Data entries:
━━━━━━━━

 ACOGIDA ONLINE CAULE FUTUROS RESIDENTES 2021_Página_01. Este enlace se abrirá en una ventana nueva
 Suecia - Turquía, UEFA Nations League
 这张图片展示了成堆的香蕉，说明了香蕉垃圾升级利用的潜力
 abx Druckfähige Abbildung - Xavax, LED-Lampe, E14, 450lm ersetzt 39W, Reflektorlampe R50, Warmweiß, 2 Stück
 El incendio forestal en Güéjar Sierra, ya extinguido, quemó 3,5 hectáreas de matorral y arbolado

━━━━━━━━

» **PROBLEM**
Nothing above should be left out; write out every record exactly.

» **EXERCISE ANSWER**
 ACOGIDA ONLINE CAULE FUTUROS RESIDENTES 2021_Página_01. Este enlace se abrirá en una ventana nueva
 Suecia - Turquía, UEFA Nations League
 这张图片展示了成堆的香蕉，说明了香蕉垃圾升级利用的潜力
 abx Druckfähige Abbildung - Xavax, LED-Lampe, E14, 450lm ersetzt 39W, Reflektorlampe R50, Warmweiß, 2 Stück
 El incendio forestal en Güéjar Sierra, ya extinguido, quemó 3,5 hectáreas de matorral y arbolado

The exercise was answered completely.